» **Activity**: Write the data out again exactly, with no pictures.

» **Given material**:

***

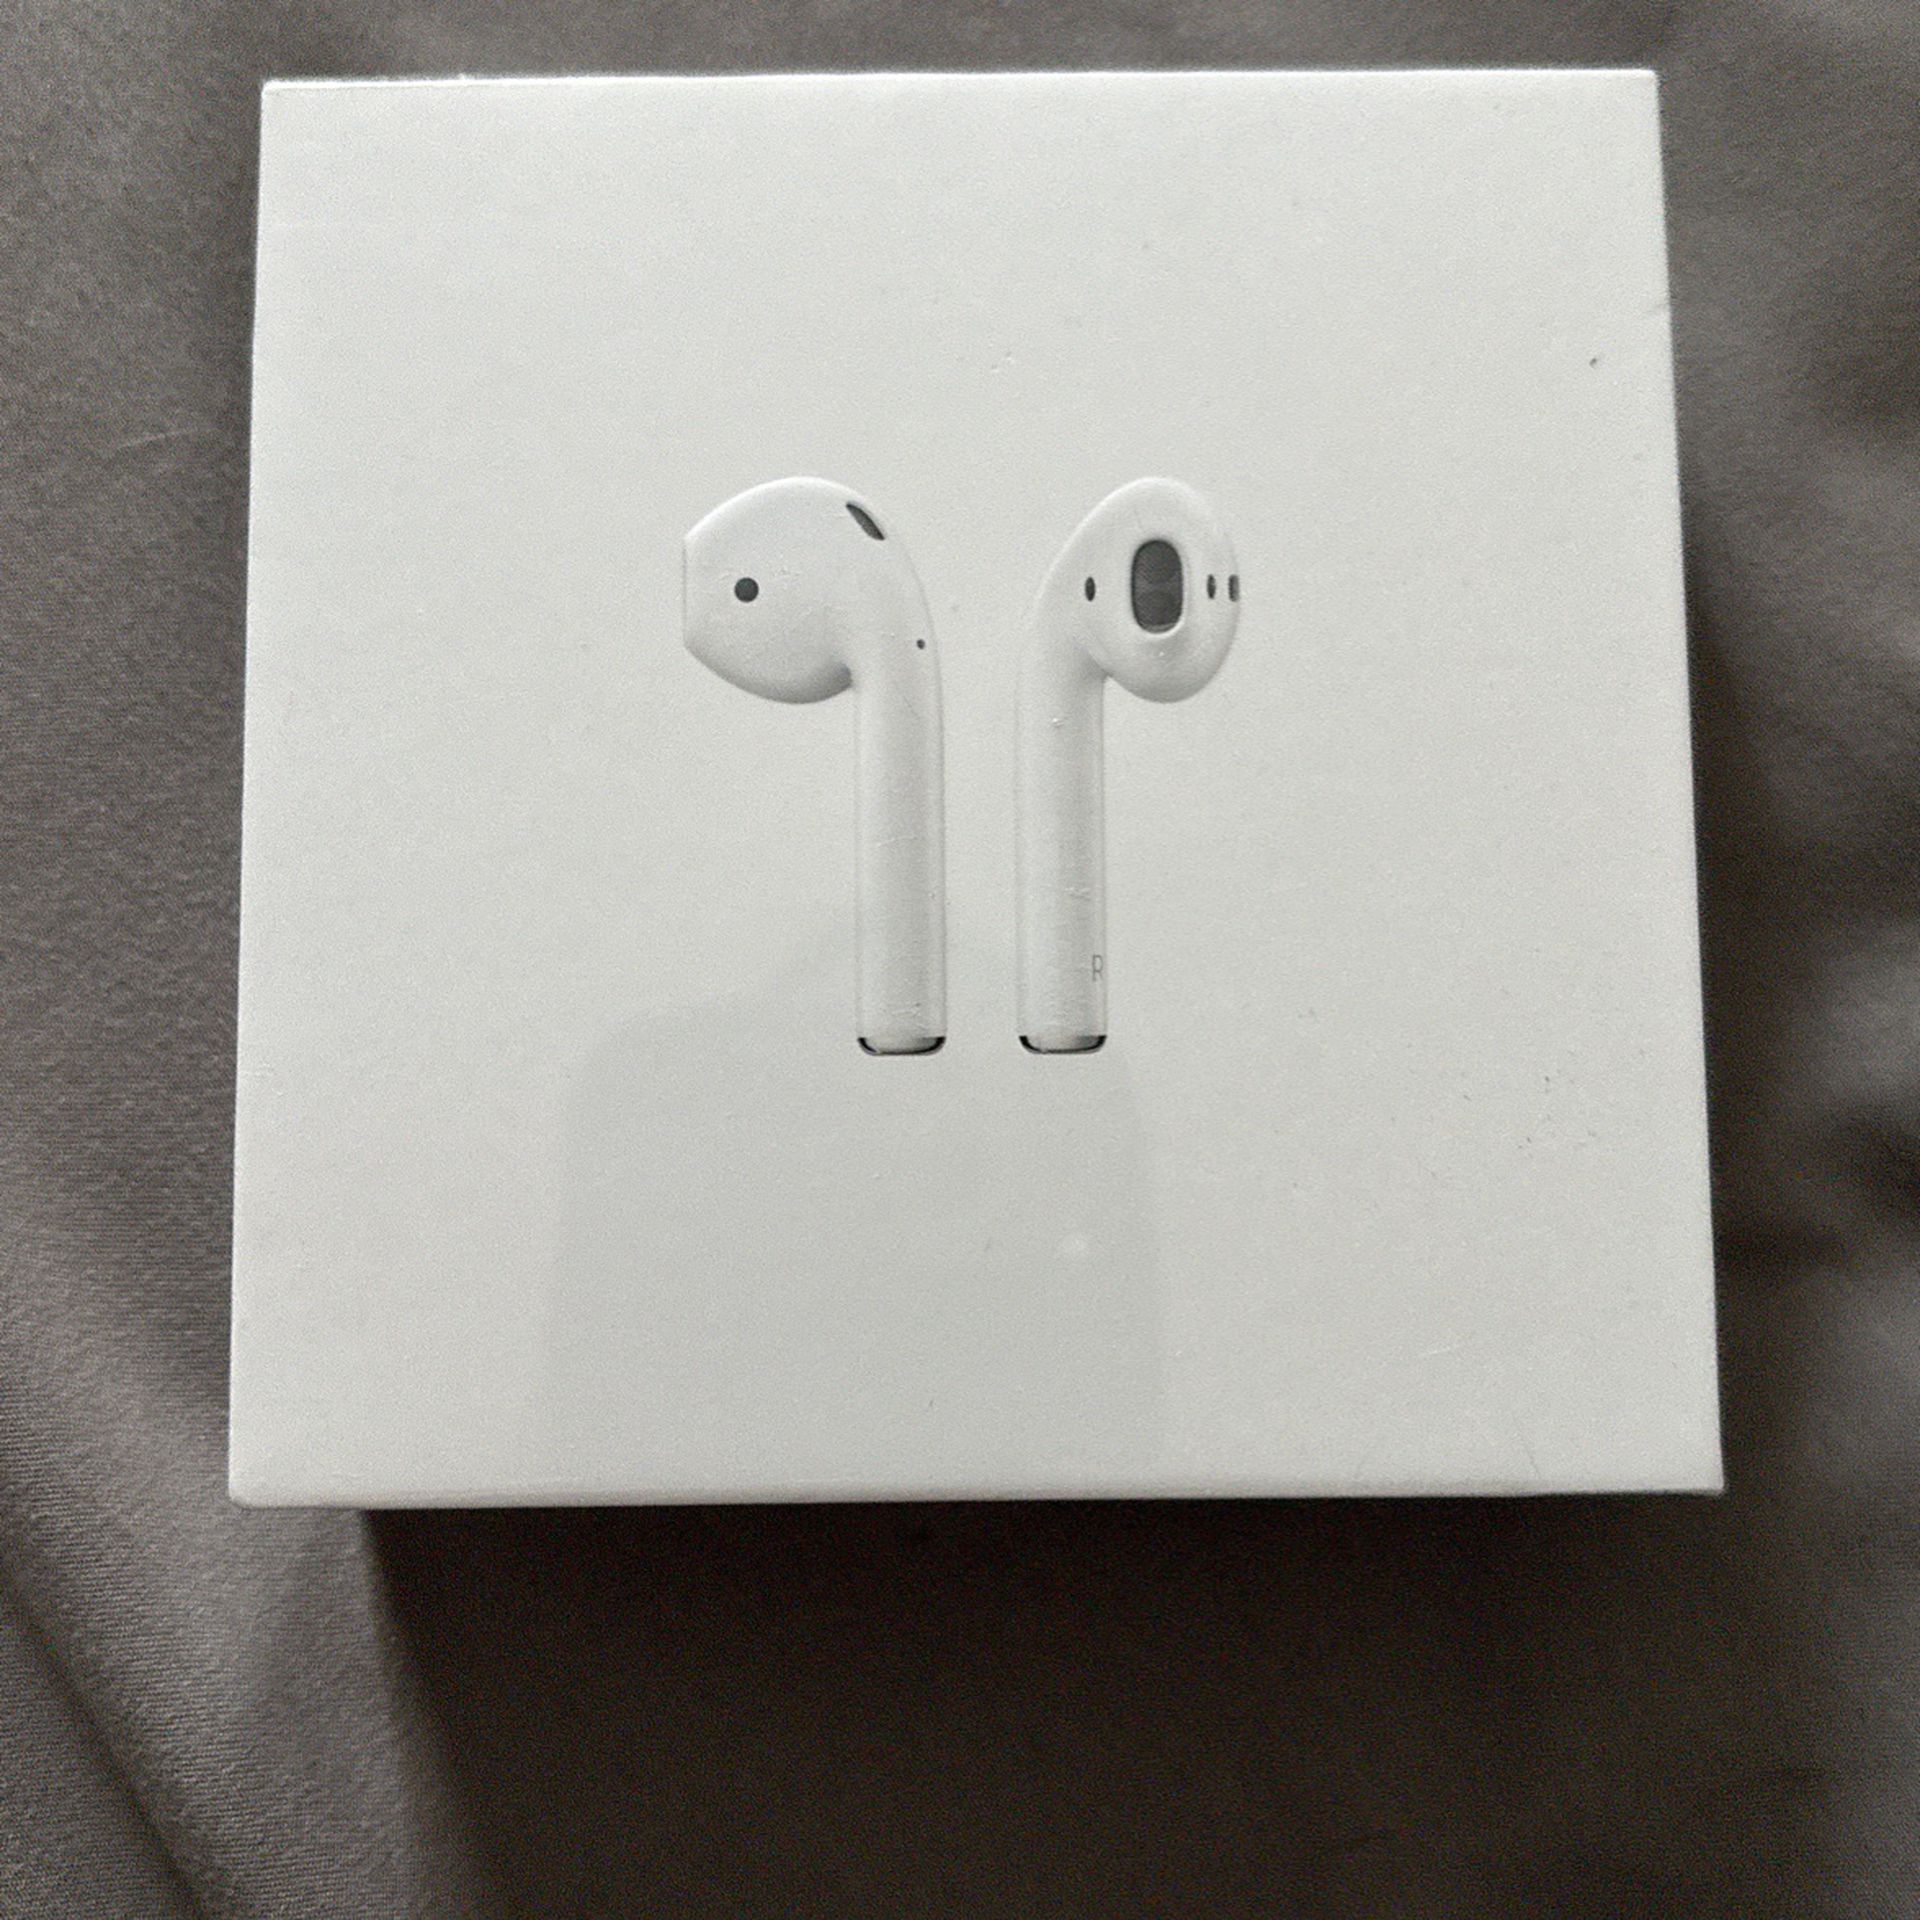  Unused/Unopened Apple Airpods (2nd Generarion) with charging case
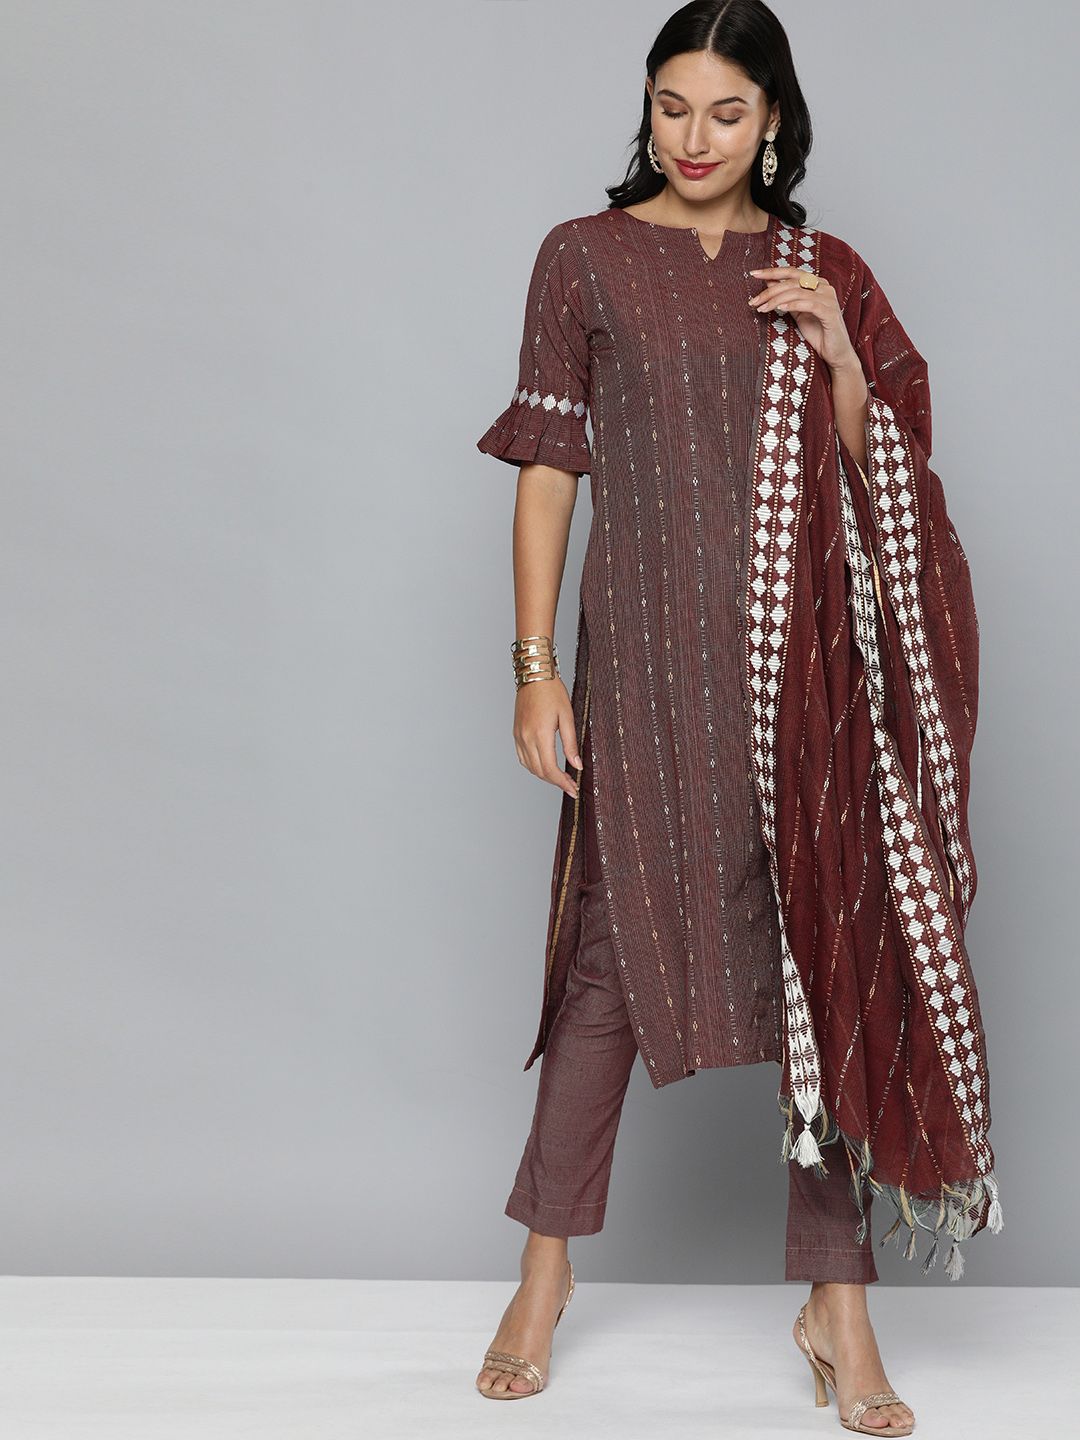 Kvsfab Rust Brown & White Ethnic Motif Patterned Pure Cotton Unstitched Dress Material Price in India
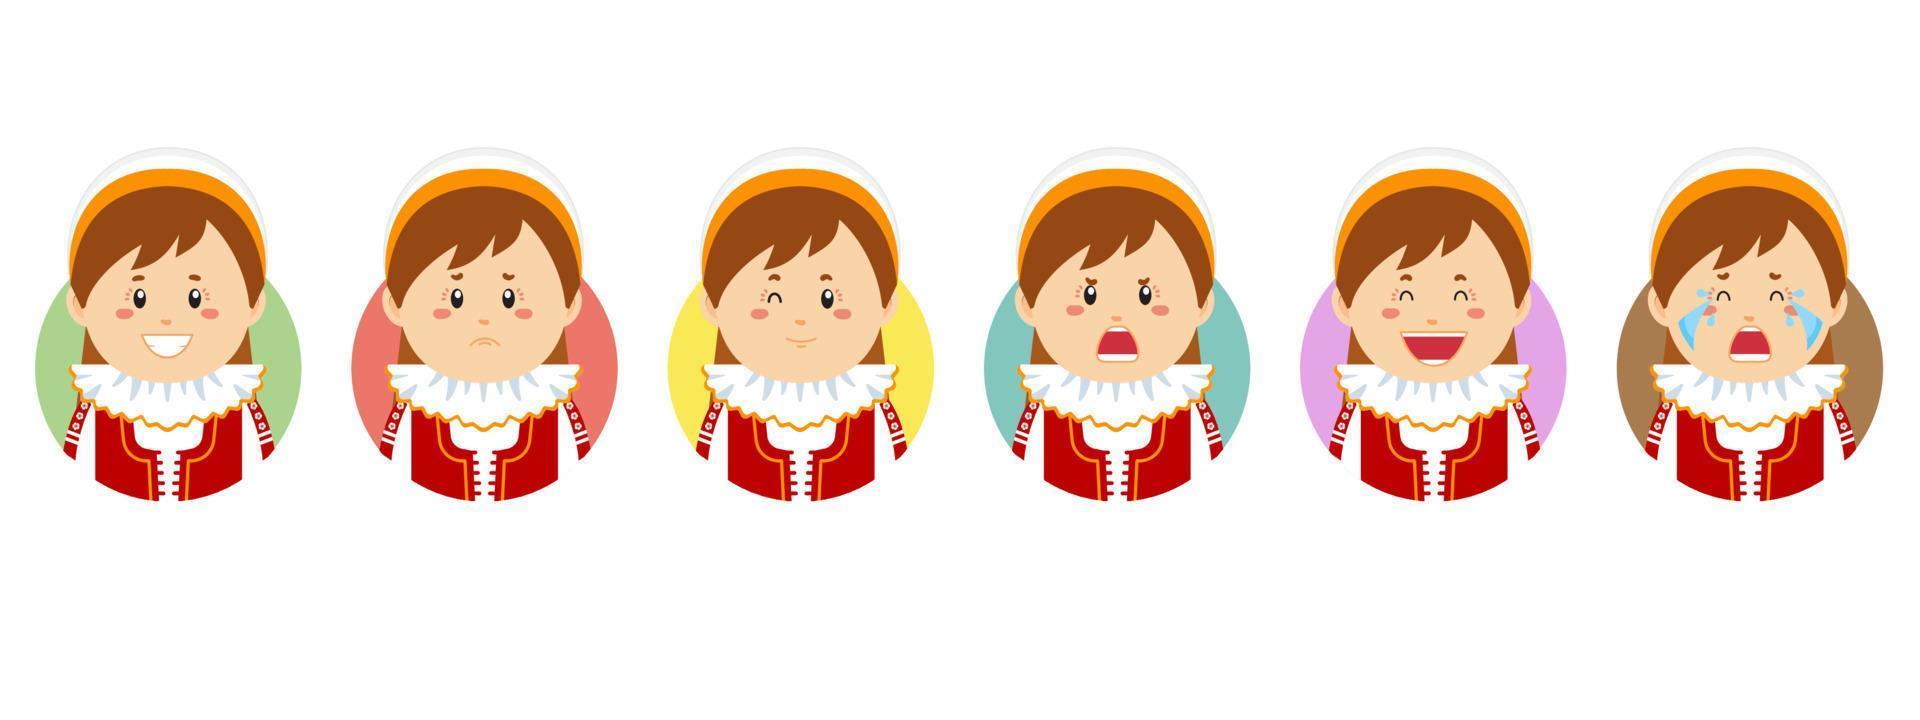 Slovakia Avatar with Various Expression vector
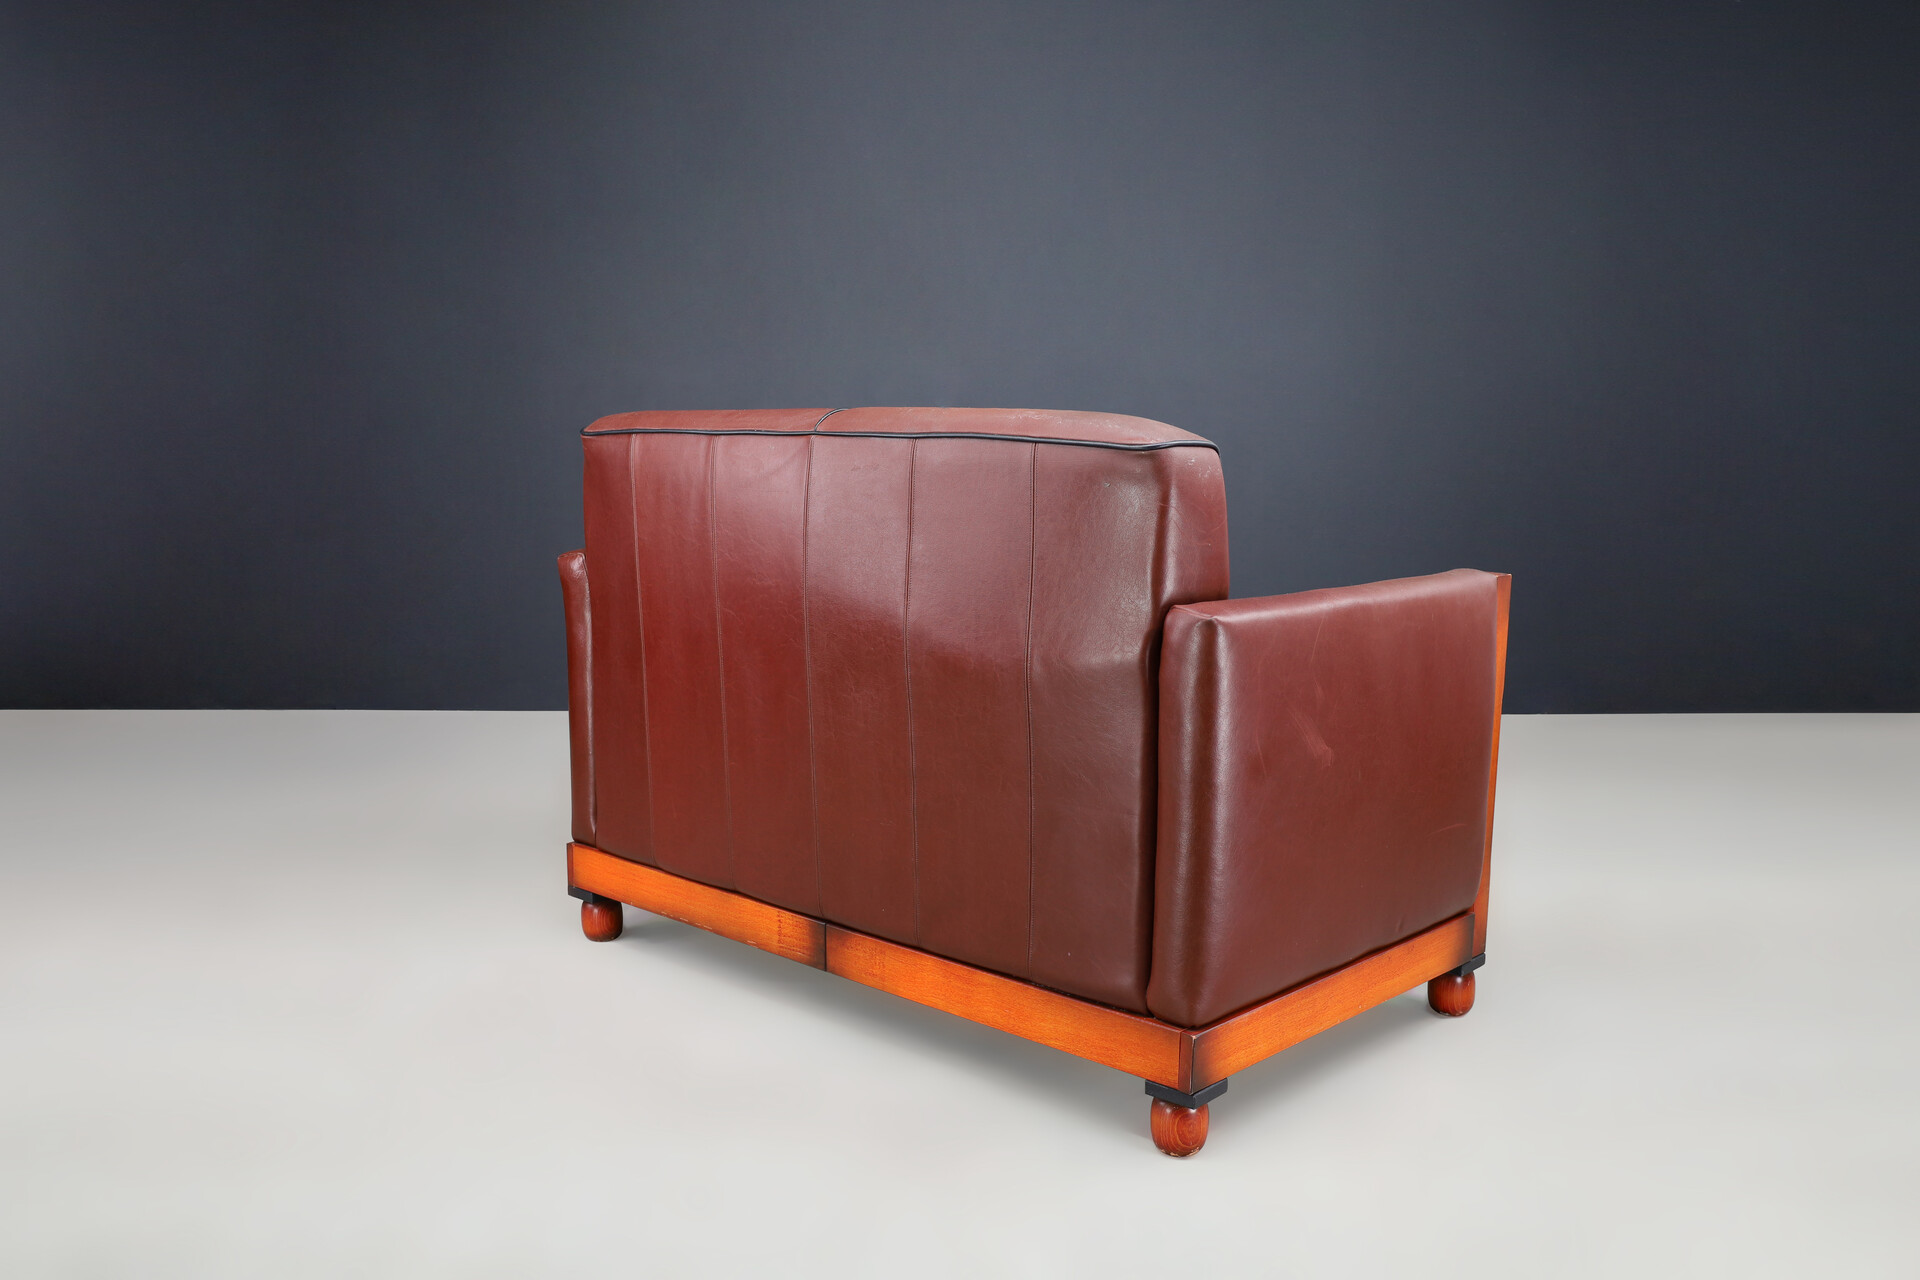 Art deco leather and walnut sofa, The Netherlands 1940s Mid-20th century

***

» **Result for this task**:
  Unused/Unopened Apple Airpods (2nd Generarion) with charging case
 Kvsfab Rust Brown & White Ethnic Motif Patterned Pure Cotton Unstitched Dress Material Price in India
 Slovakia Avatar with Various Expression vector
 Art deco leather and walnut sofa, The Netherlands 1940s Mid-20th century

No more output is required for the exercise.